Psychological problems will be the worst ones to deal with for people leaving in confined space.
Yet Musk wants to send just anyone
Although to be fair, he does admit that they may not survive.
As I and others have said earlier, Musk is just very good at marketing communication. All he wants is to get on with his projects. He probably only means one tenth of what he says.
When it comes to space travels, and particularly sending people to Mars, to get the most people on board with this, communication IS key. Anyone with half a brain can figure out that this will cost so much money per capita, and will require heavy training and rigorous selection no matter how sophisticated technology we eventually use, that only an extremely small fraction of the population will be able to be part of it, if it ever happens. But this makes it an essentially elitist project, which can only encounter a lot of resistance if you want to present all this as democratizing space travel. So to make it look more "inclusive", you'll just pretend that anyone will be able to go. That's really basic marketing.

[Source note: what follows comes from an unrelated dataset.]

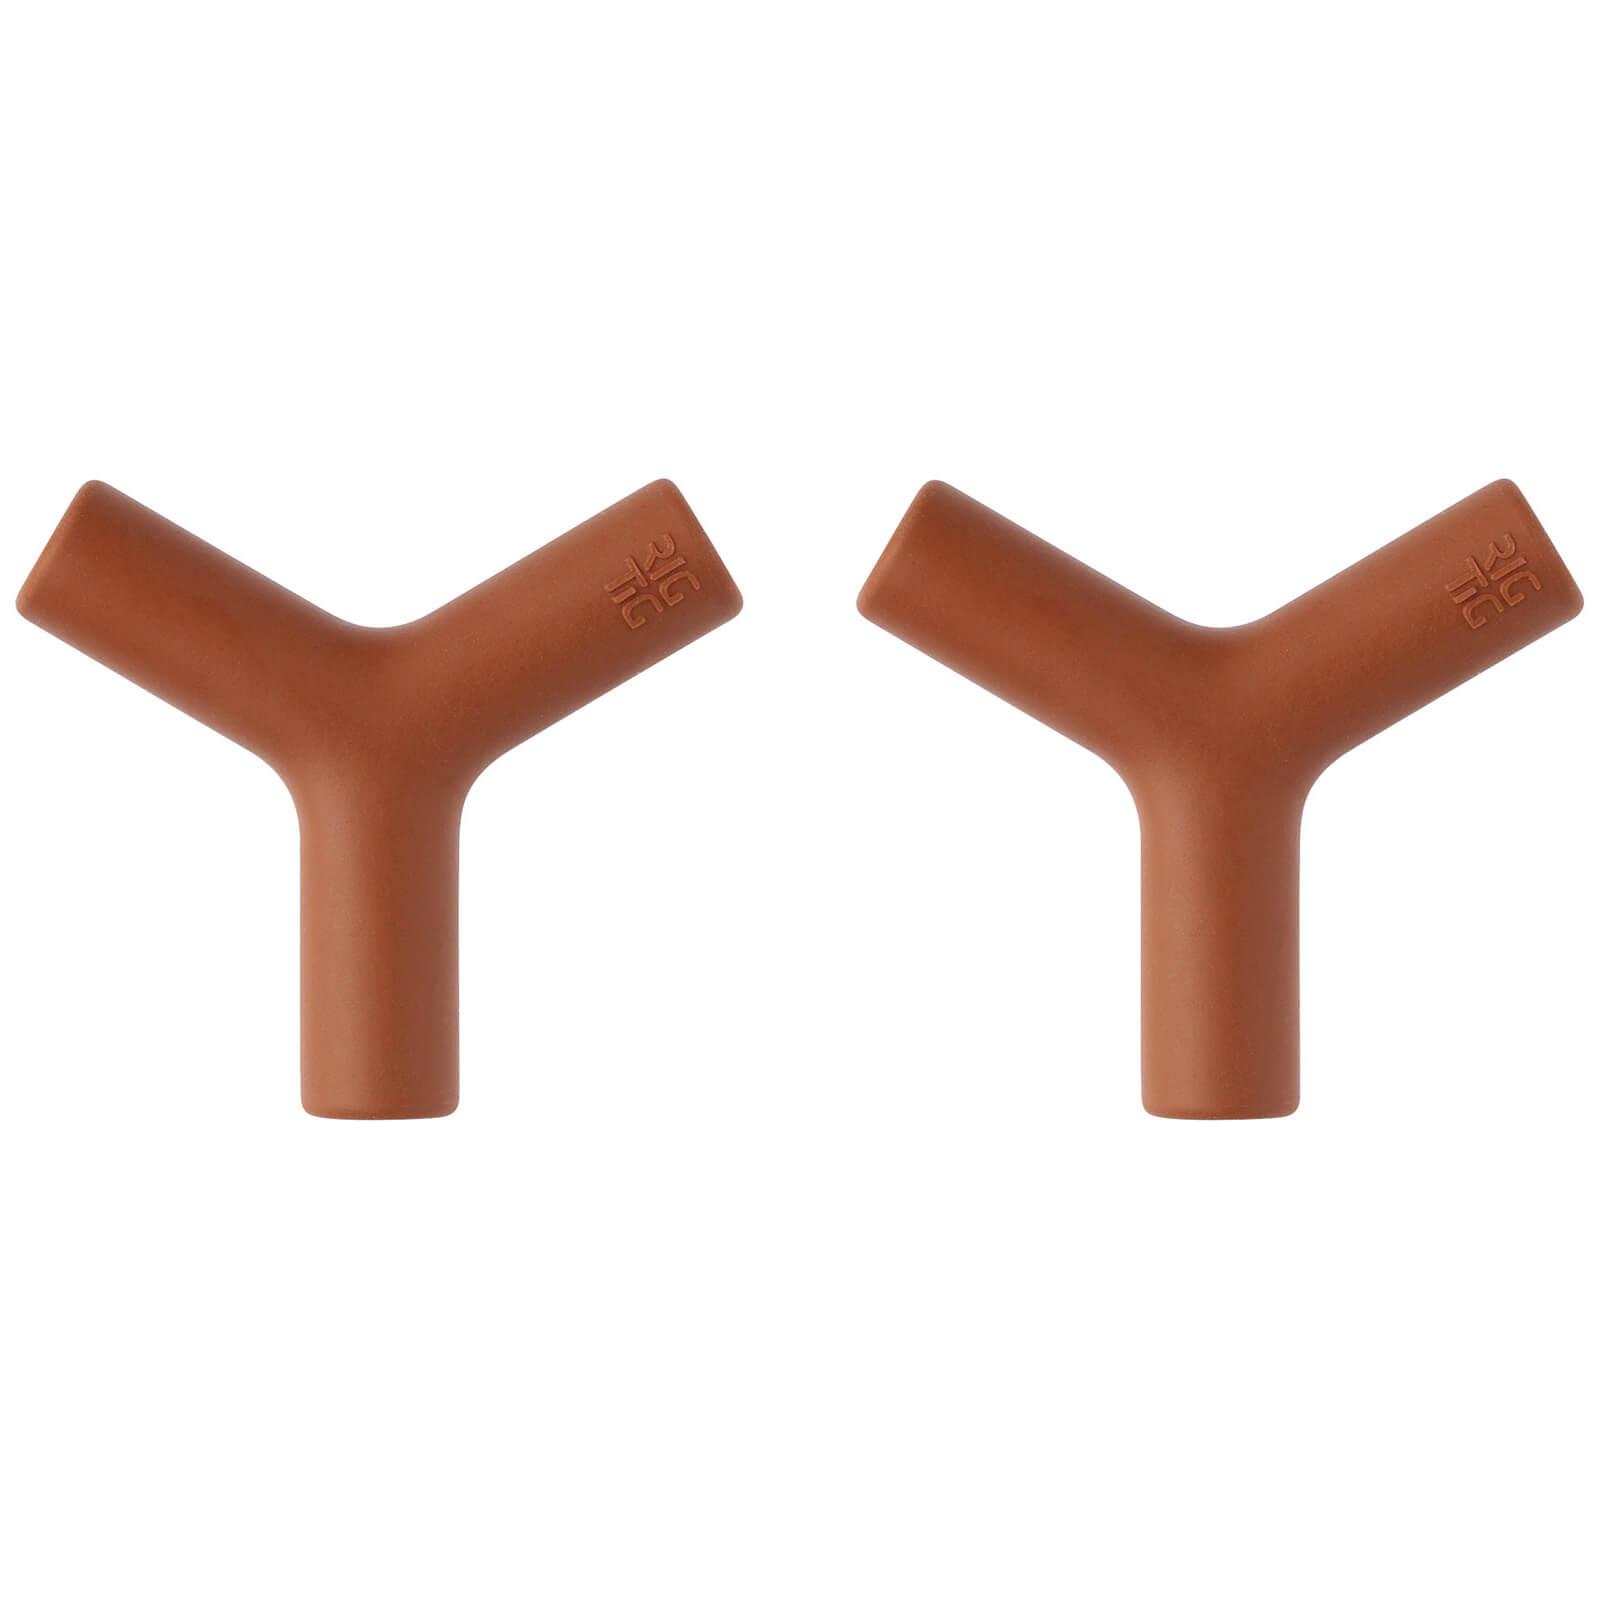 RIG-TIG Hang-It Knobs Set of 2 - Terracotta

Just my 2 cents. I know some people prefer thinking that Musk is just a delusional nutcase. It's probably more comfortable to think he lies to himself, rather than to the whole world.
Do I fully blame him? What he does is not my thing, but I admit he has achieved a whole lot, even if he hasn't achieved everything that he has ever claimed he would.
Wouldn't surprise me if psychological issues become the biggest problem.
One of the numerous problems probably. The other problem is, no human has ever been subjected to life in non-earth-like conditions for more than a few months (in the ISS), so I'm sure we can also expect a lot of health issues, unless we can reproduce a very earth-like environment elsewhere, which is sort of doubtful. It's likely that if anything, we will barely manage to build environments that are good enough for survival and what would happen after a few years, I guess nobody knows.